Full disclosure: I am not a Call of Duty type of guy. My brother is a seasoned veteran at COD, so I played some Call of Duty: Black Ops 2 matches with him to test out my blue wonder. After telling him about how it worked, he suggested trying out two semi-automatic rifles: the FAL and SMR. I tried out both, fully automatic, 20 shots per second. This seemed to be too much, because the guns would spurt, stop, and spurt again, which isn’t how I wanted to beat my brother AT HIS OWN GAME. I tried it at 15 shots per second, and I had hit the sweet spot! I managed to kill my brother a record FIVE TIMES in our match, which I can assure you I would not have been able to do without the X3. We then fought some bots together (he was paranoid about getting banned from LIVE even though the controller mod is undetectable, and I was afraid of getting my ass kicked), and the speed at which I could shoot them was amazing; they literally went down in seconds. No question: games like Call of Duty, Halo, and Battlefield are where gamers are gonna get the most bang for their buck with the SPS-X3.

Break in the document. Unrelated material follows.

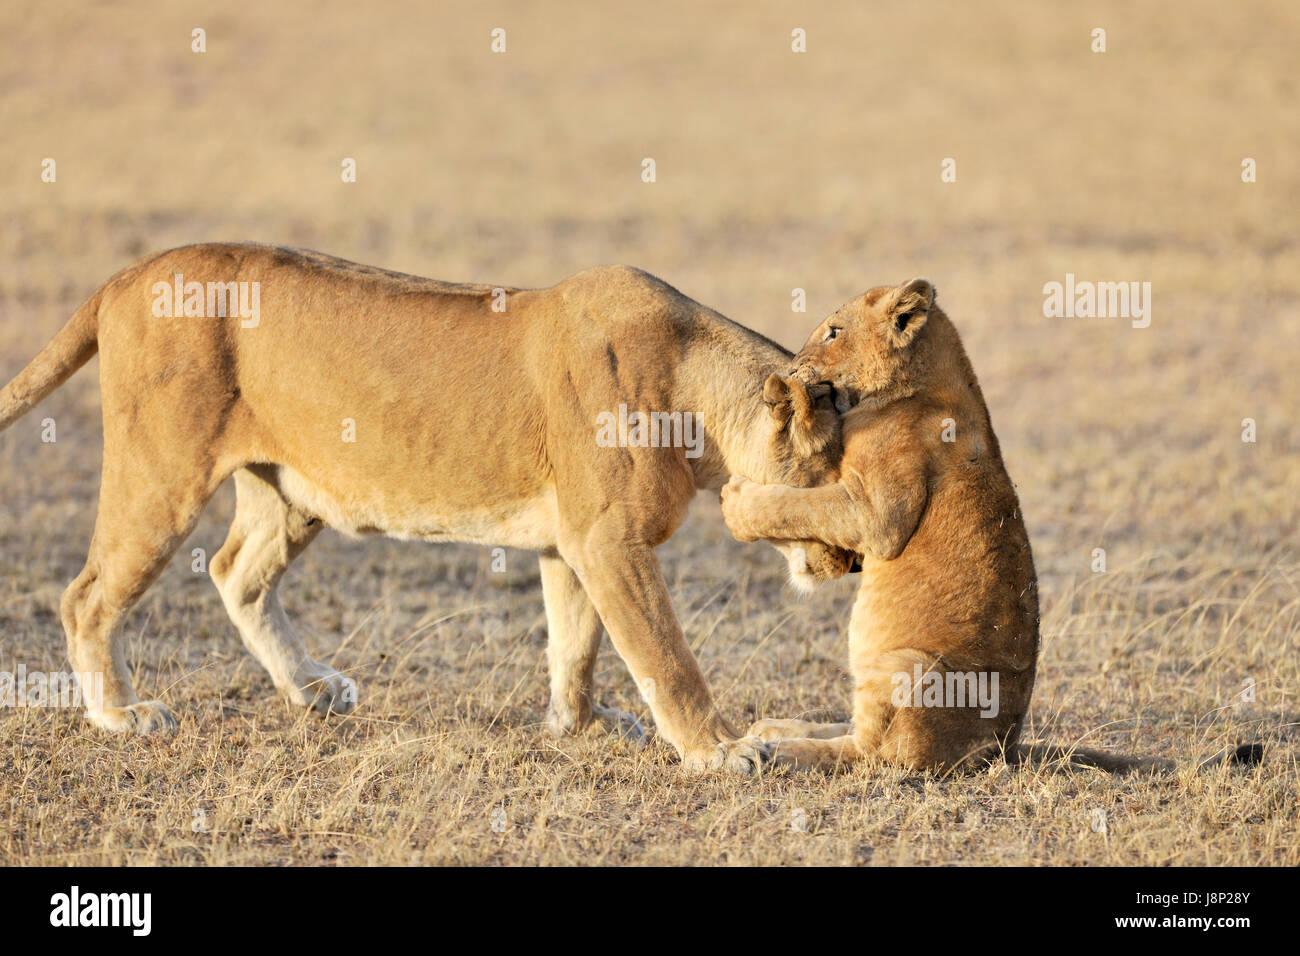 Lion cub (Panthera leo) playing with his mother on the savanna, Serengeti national park, Tanzania - Stock Image

Personally, I am very happy with my SPS-X3. The ease of use of the Create-A-Controller page was wonderful and I got to see what my controller would look like before it was even made. The controller came fast, was put together exactly to my specifications, and the instructions that were included with it clearly specified how to change modes, program each one, and what to do if there were any issues. Guns fired quickly and precisely how I set them, and the controller remembers your settings for each mode even after turning it off. But above all, the greatest thing about the SPS-X3 is that it is truly mine. It is something I helped create and design, and that is what makes it so very special. I have a feeling that gamers will agree with me if they decide to enter the world of custom controller mods, which I urge them to do, whether they play competitively or just for fun. Check out GamerModz if you are itching to give that index finger a rest. Now if you’ll excuse me, Left 4 Dead 2 is just begging to be conquered with my blue beast.